Exercise data:
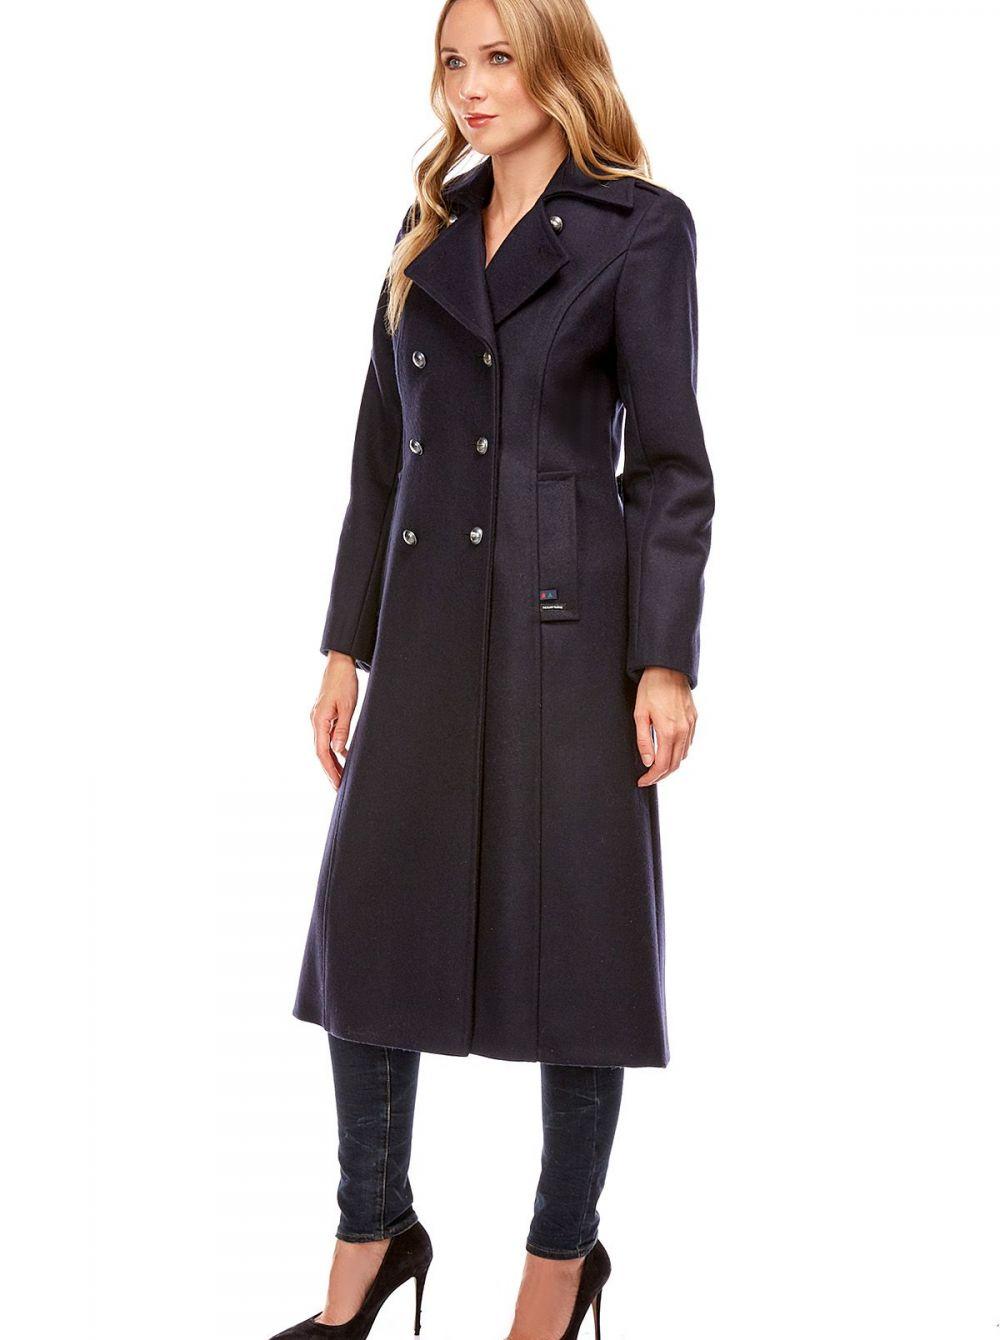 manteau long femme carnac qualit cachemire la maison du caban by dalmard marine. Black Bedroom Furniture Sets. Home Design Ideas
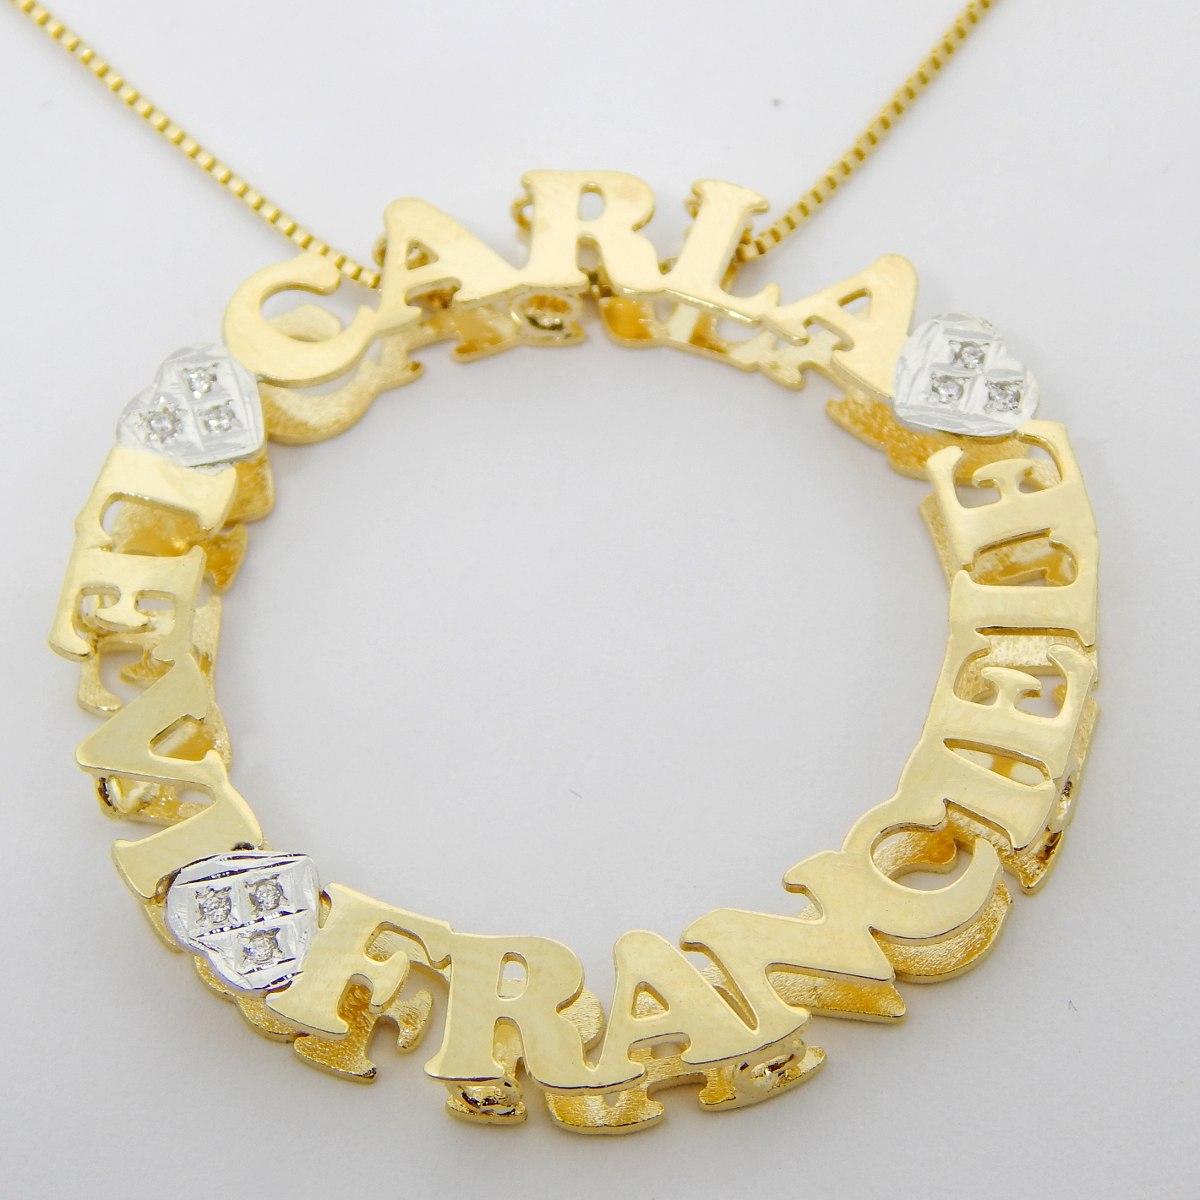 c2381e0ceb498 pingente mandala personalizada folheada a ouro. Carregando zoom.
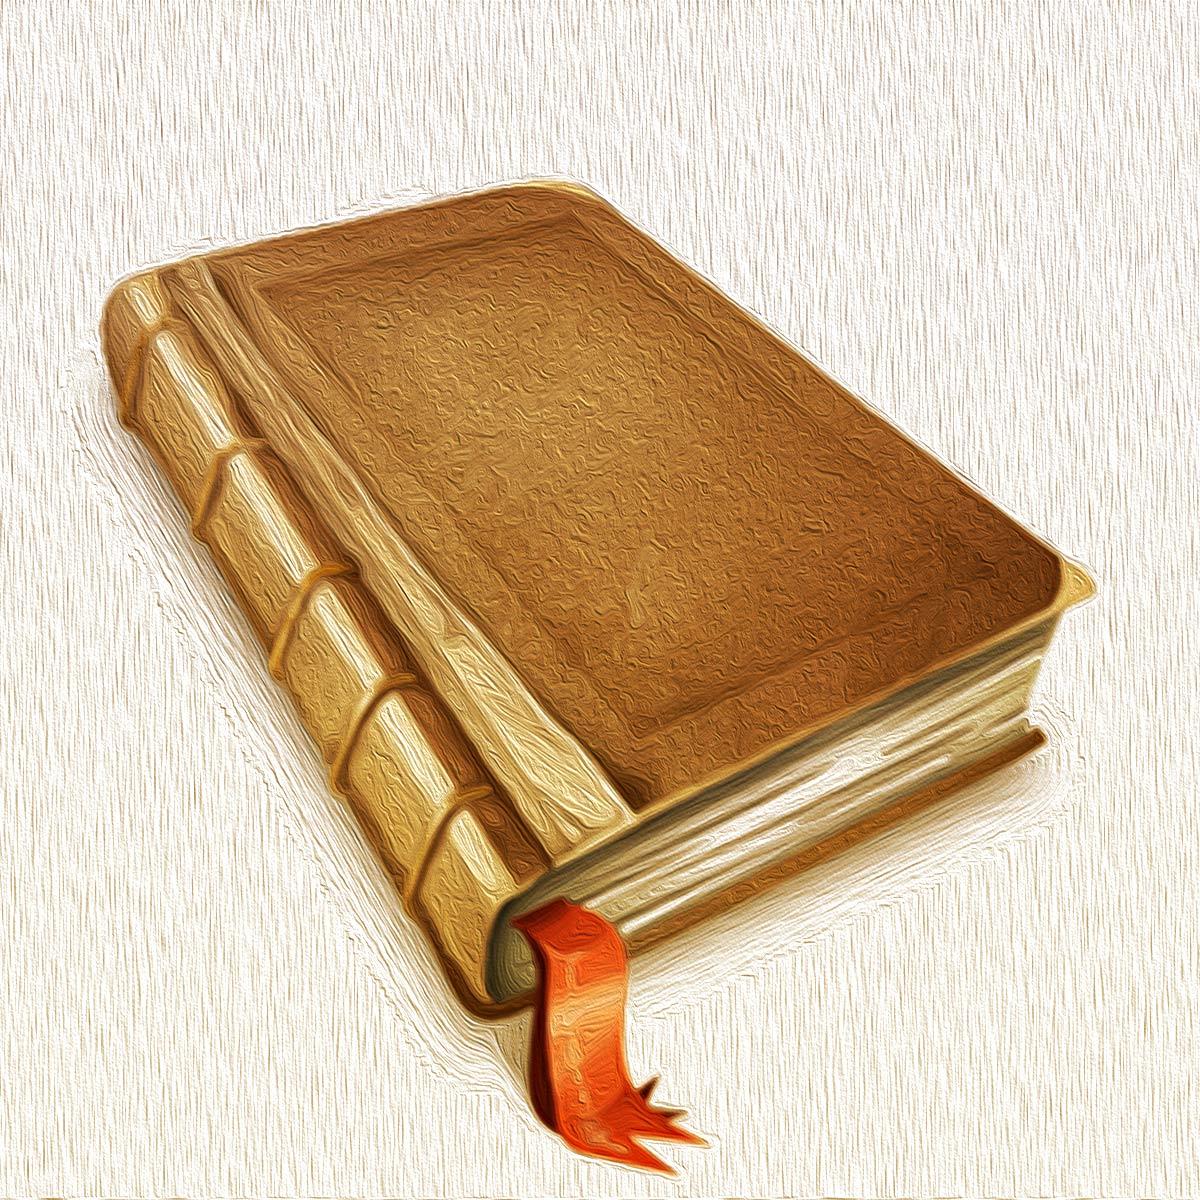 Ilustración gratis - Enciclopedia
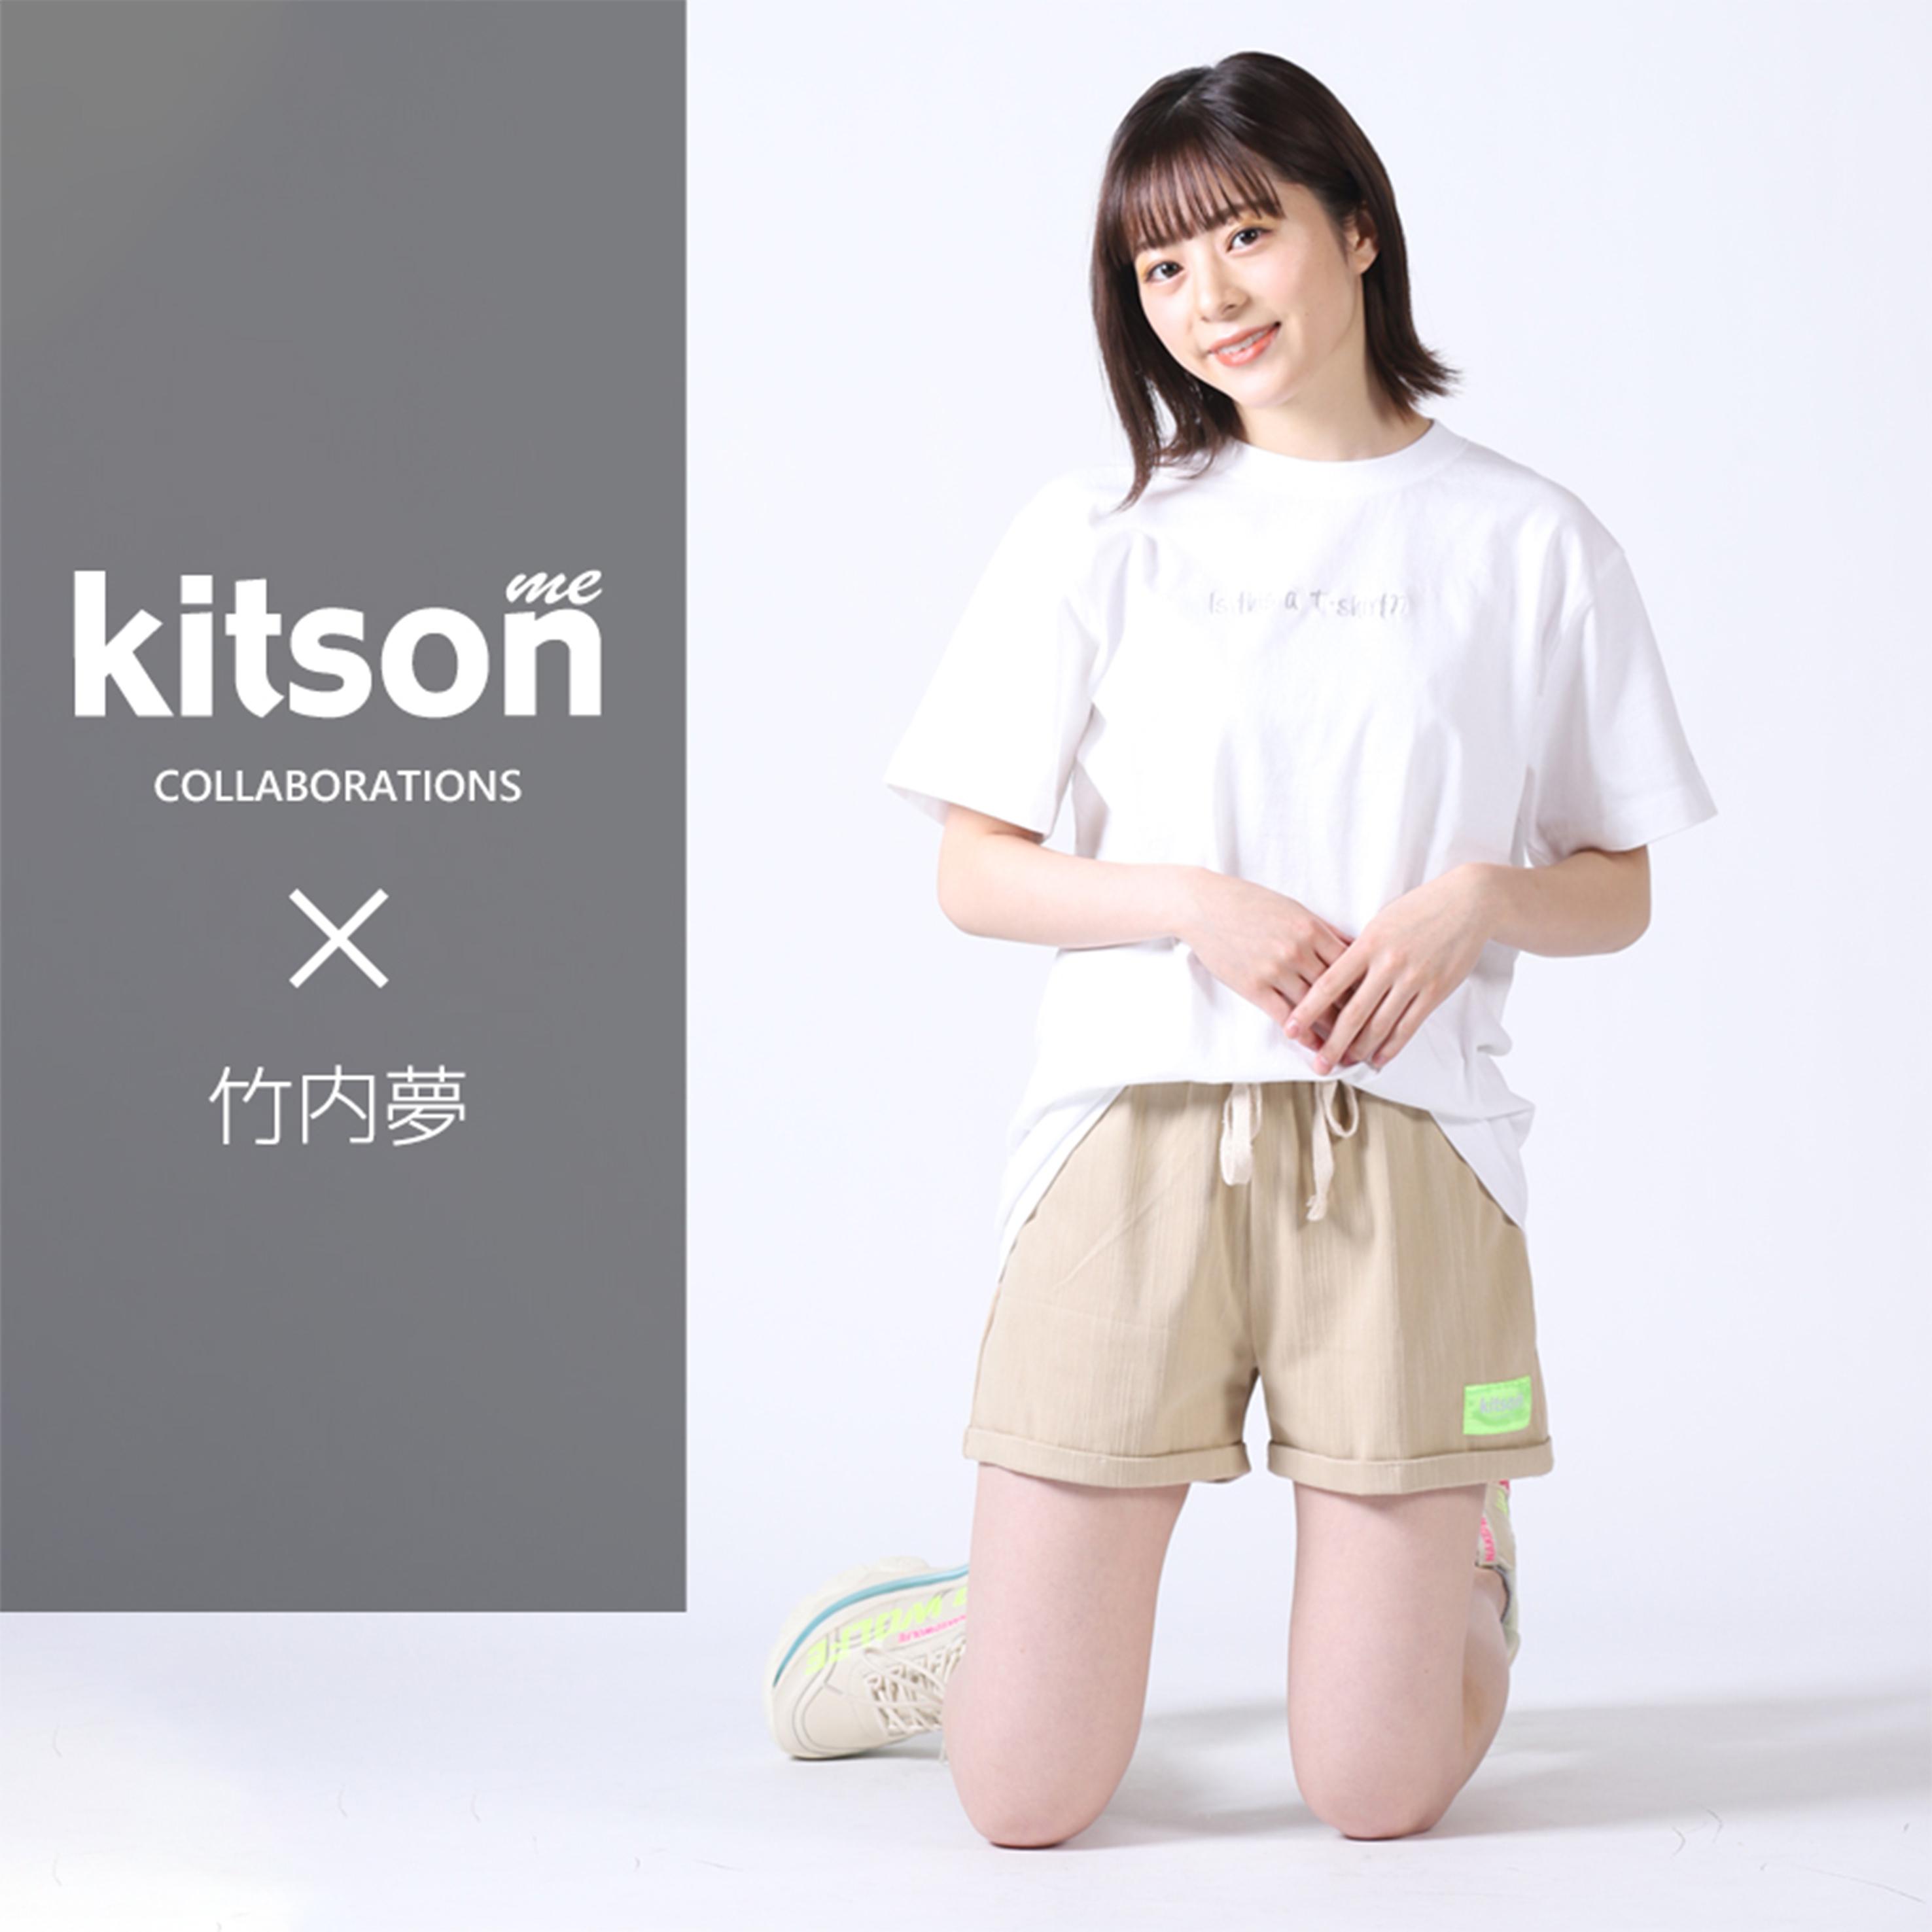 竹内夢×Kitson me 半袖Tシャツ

Brief: Any picture in the material is to be dropped; the rest is repeated exactly.

Written solution:
 manteau long femme carnac qualit cachemire la maison du caban by dalmard marine. Black Bedroom Furniture Sets. Home Design Ideas
 c2381e0ceb498 pingente mandala personalizada folheada a ouro. Carregando zoom.
 Ilustración gratis - Enciclopedia
 竹内夢×Kitson me 半袖Tシャツ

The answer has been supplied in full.